I'm trying to wrap my head around why a couple of things have happened to me over the past two days.

I had a folder structure like this:

includes/bootstrap/Loader.php

And my namespace for that Loader.php file would be something like this:

App\Bootstrap

composer was setup for PSR4 with source directory as includes and namespace as App.

My code was working PERFECTLY fine locally on my Mac, but when uploaded to a web server(linux) everything broke and it kept spitting that classes weren't found. My searching lead me to the fact that Linux is case sensitive, so I went back and change bootstrap folder to Bootstrap so new structure was includes/Bootstrap/Loader.php everything worked fine in production after that.

  1. That was the root cause for it working on my local mac and not on a web server right? The fact that Linux being case sensitive?

Everything currently works fine now, I prefer my namespaces to be like this:

App\Bootstrap

I don't want my name spaces to be like this:

App\bootstrap.

After pushing the code to github I realized it lowercased all folder names! Further searching lead me to the fact that I had to run it config core.ignorecase false so it can respect the case of the folder names!

Then I tried pulling down the repo in a totally different directory and terminal showed me this message:

enter image description here

  1. What does it mean by "collided"? There were no files in the folder. Also the version on git is the capitalized folder name version, why did git try to download something different?

I can see that it shows both in the terminal but in the folder it's the actual version which is on github...so I'm just wondering why it showed both versions in the terminal.

  1. Would git try to lowercase the repo for someone else on a Mac? How could I prevent these sort of things moving forward? Was it the fact that some folder names in the repo were lowercased before? I read that by default git config ignore case is set to false...why did I have to run it again for git to respect the folder name case?

CodePudding user response:

As a rule, Linux file systems are case sensitive and so if you referred to the file as App\Bootstrap, then it needs to be in that case in the file system. So yes, to your first question.

What Git means by "collided" is that your repository has two sets of paths in it: one starting with include/Bootstrap and one starting with include/bootstrap. Git is case sensitive, so it treats those paths differently. However, your Mac is not capable of distinguishing case, so when Git goes to write both sets of paths into the file system, only one of them can be successfully written.

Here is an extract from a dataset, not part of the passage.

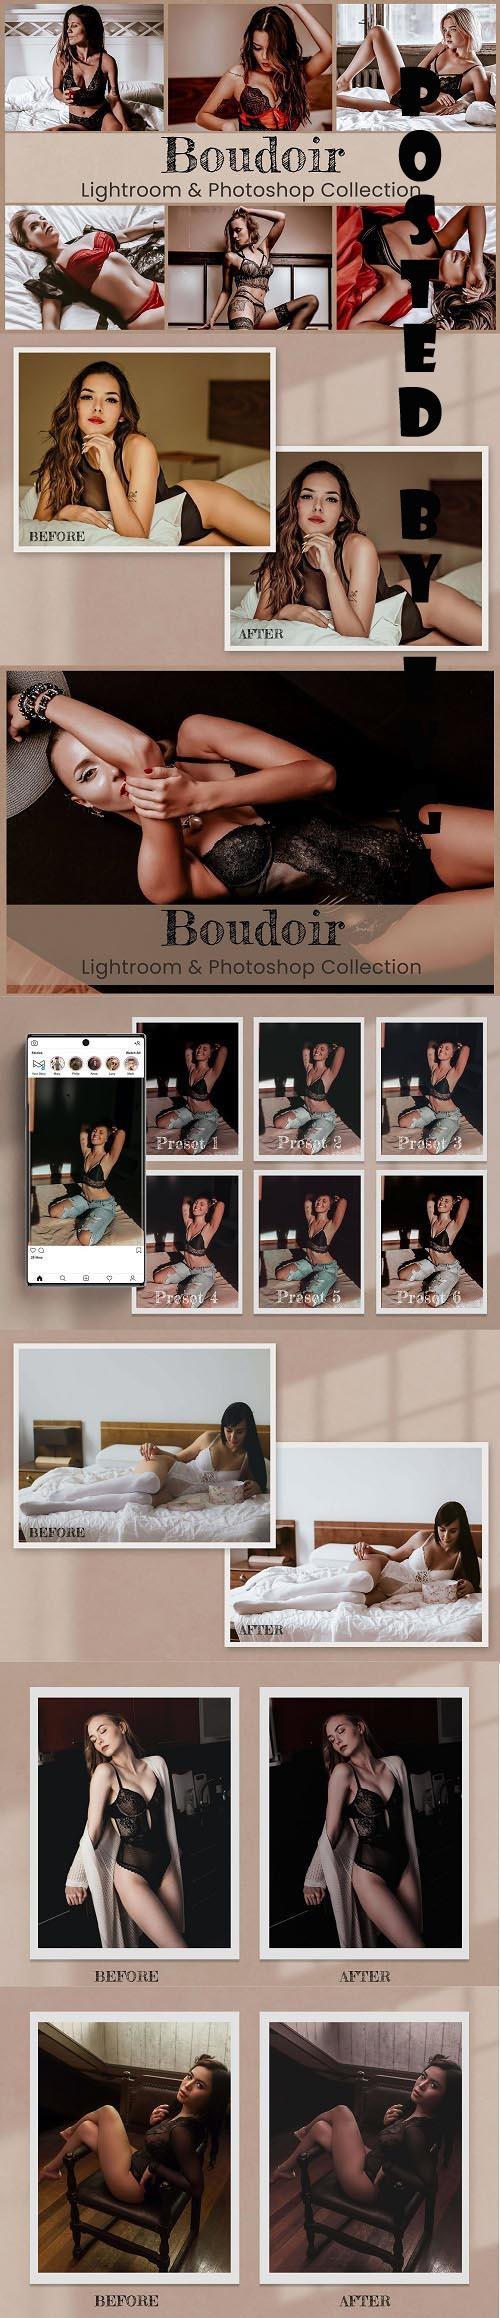 Boudoir Lightroom Photoshop ACR LUTs - 6450218

As to the setting core.ignoreCase, it is set to reflect what your file system is actually capable of and shouldn't be changed. The problem is not Git: the problem is that your file system is simply not capable enough to handle this case. The Git FAQ explains this in some detail.

To remove the duplicates, run git rm -r --cached includes/bootstrap and then commit.

You may additionally wish to use a case-sensitive file system in the future, which is an option when formatted in APFS partition, although it is not the default on macOS. Note that some programs don't handle this gracefully and can cause problems when run on a case-sensitive file system.